One of the most famous messages of social software was to create “Facebook for XYZ”. Many companies tried to deliver this message in variety of forms in engineering software. The most impressive one was GrabCAD, which created a community of about 1.5M engineers sharing 3D CAD files. Even so, GrabCAD put their focus on development of cloud PDM software – to find a way to monetize. Some of my comments on what GrabCAD did are here – GrabCAD – from Facebook for engineers to PLM. GrabCAD is probably a company that unofficially can own the tag of “Facebook for engineer”. Google search is a good confirmation for that.

A very interesting news came from “original” Facebook. Earlier this week, Facebook leaked the information about Facebook’s intent to create so called “Facebook at Work”. Forbes article gives you some details about Upcoming Facebook at Work service will rival LinkedIn and Slack.

Facebook is preparing Facebook at Work, a service aimed at enterprise customers that will allow them to chat with colleagues and “collaborate over documents,” according to a new report in the Financial Times which cites anonymous sources.

Social business wasn’t an easy job for many companies. For the last few days, I see many speculations and reports about how easy (or not, actually) Facebook can capture a new business niche. Here is the article from ReadWrite – Why Facebook For Work Will Be A Hard Sell To Employers. This is my favorite passage:

Users will be able to chat with coworkers, collaborate on projects, and build catalogues of colleague’s contacts, with each of these services directly competing with Microsoft’s Yammer, Google’s Drive, and LinkedIn. All the services Facebook at Work will offer already exist. Slack, Google Drive, and LinkedIn already do these features well, and have the market for these respective services cornered. If Facebook at Work is going to have a chance of competing, it’ll need to extremely improve on its competitors’ services. And from the little we’ve seen of the service (with Facebook declining to comment), it’s hard to tell if Facebook for Work even has a chance.
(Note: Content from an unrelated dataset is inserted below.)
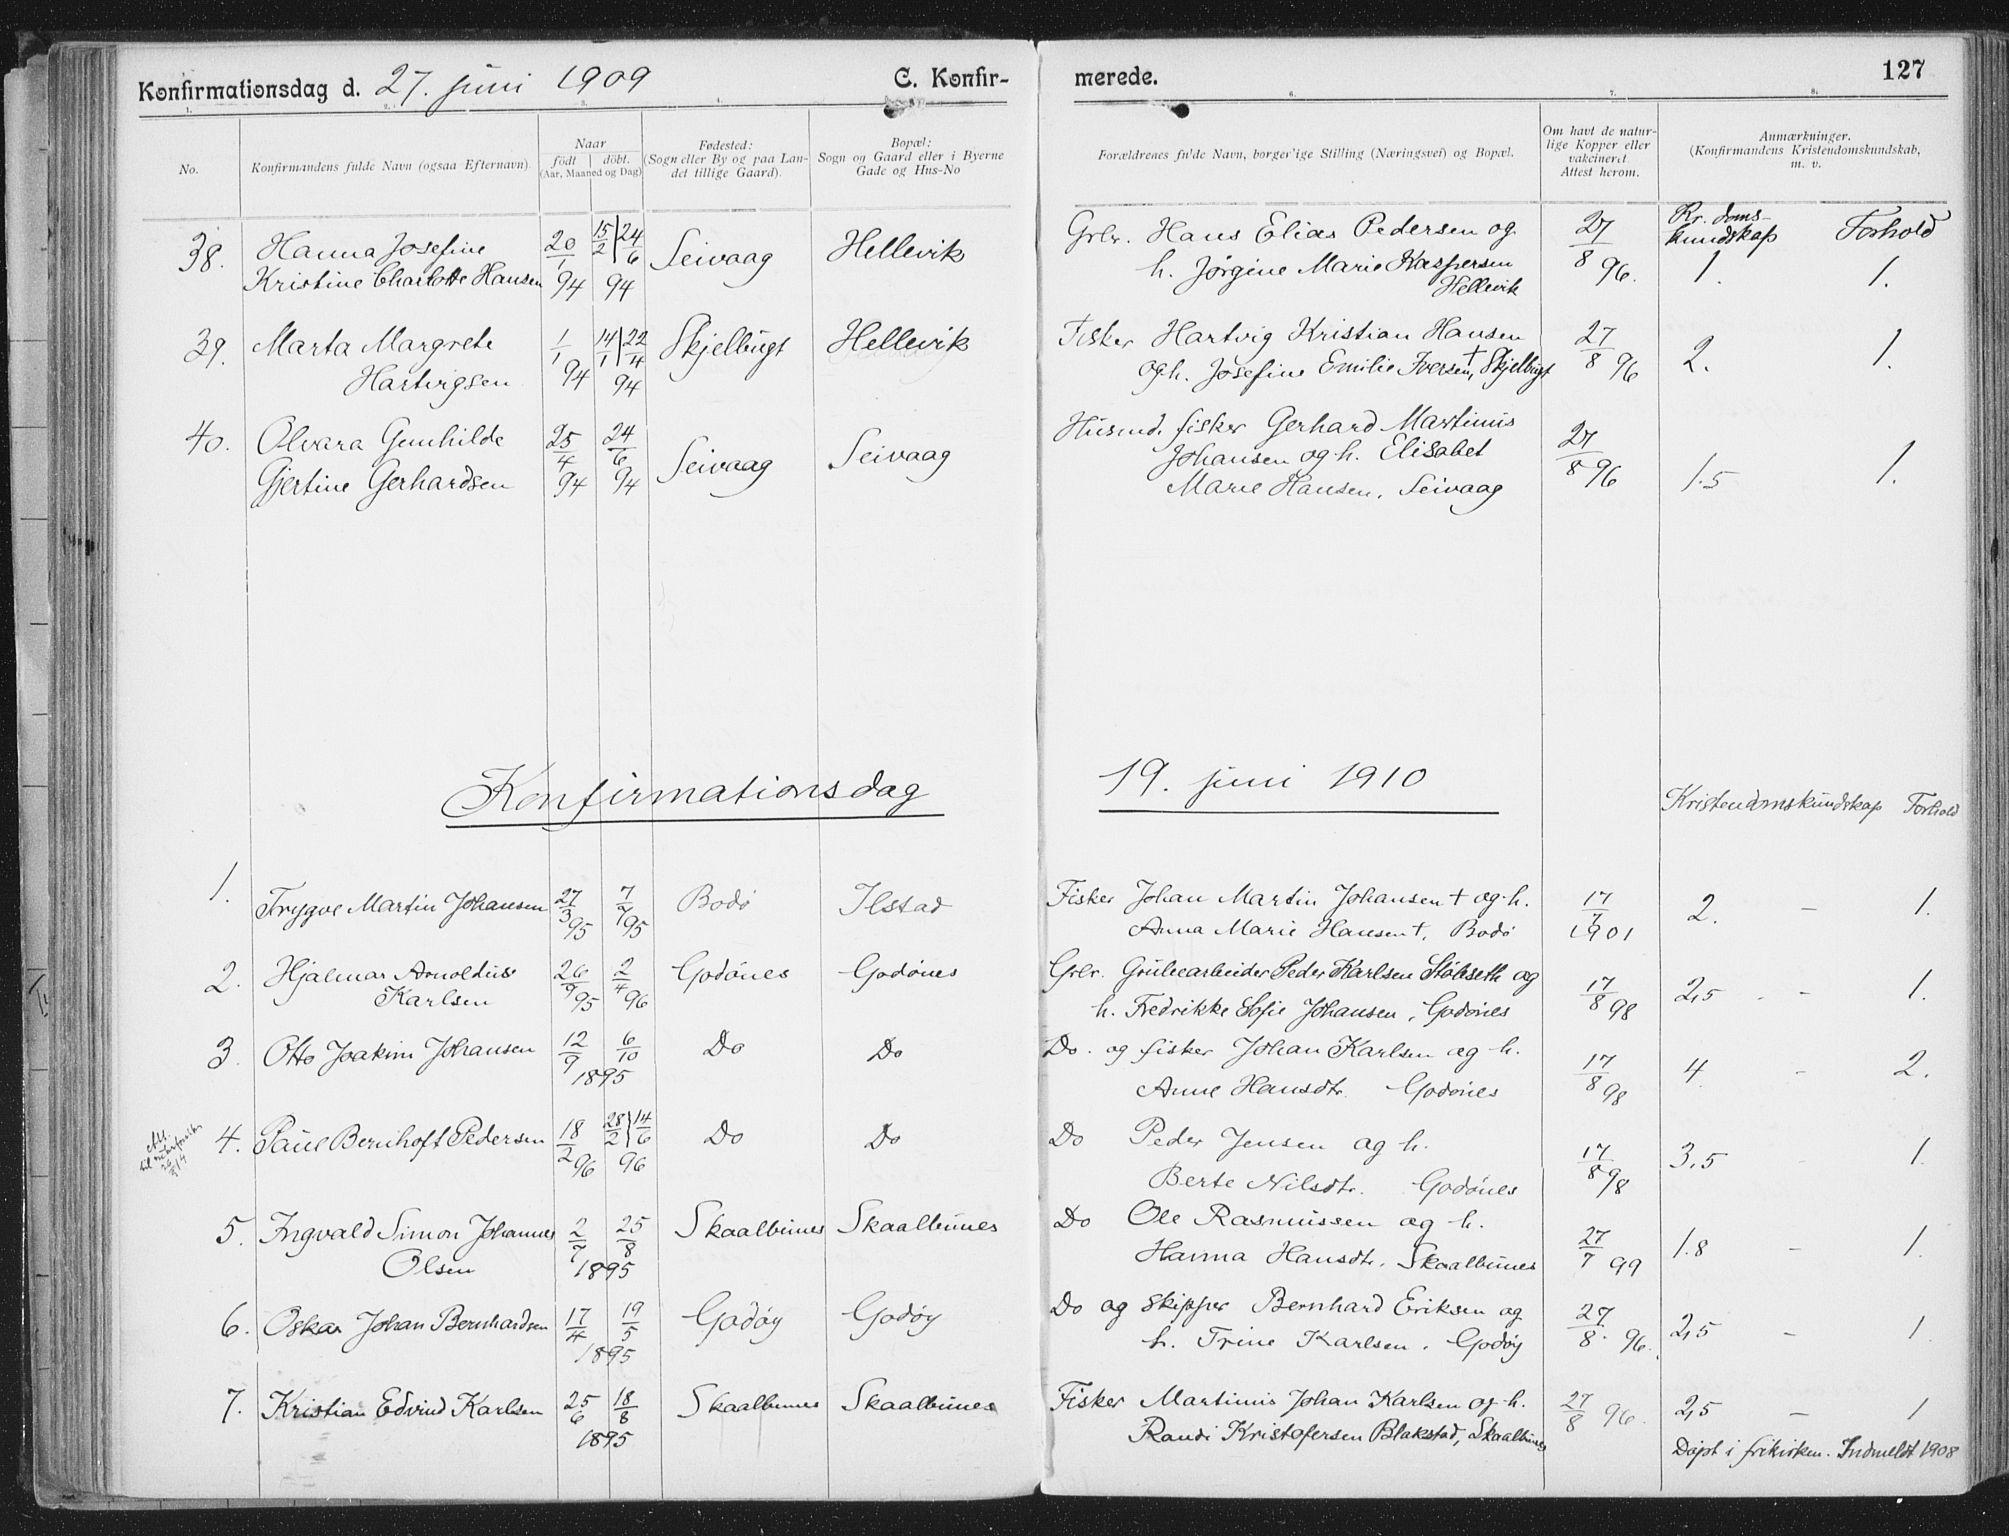 SAT, Ministerialprotokoller, klokkerbøker og fødselsregistre - Nordland, 804/L0081: Parish register (official) no. 804A02, 1901-1915, p. 127

“Facebook at Work” news made me think about what it means for engineering software ecosystem? First of all, it reminded me how is dangerous profession of industry analyst. It is still unclear how successful Facebook at Work is going to be, but Jim Brown of Tech-Clarity should be probably concerned about his 5 years old statement – We are not Going to Design an Airplane on Facebook!

All engineering vendors (CAD and PLM companies) just got a new mindshare competitor in everything that can be considered as social and collaboration. In my view it will be hard for Facebook to focus on “project collaboration” for design and engineering teams. The space is too narrow. At the same time, “social collaboration pond” is not as safe as it was before such a big fish as Facebook jumped into it.

My special attention caught by feature related to document sharing and collaboration. In my article – The path towards ubiquitous CAD cloud drive, I mentioned few examples of companies working on how to leverage cloud for CAD files storage and collaboration. Cloud file storage is an interesting place and I expect to see many changes in this domain in coming years. Every engineering company will have to think about pros and cons to have a special CAD files sharing tool. Facebook is just another behemoth convincing companies to store files on their servers and developing slick user experience to collaborate and share project information.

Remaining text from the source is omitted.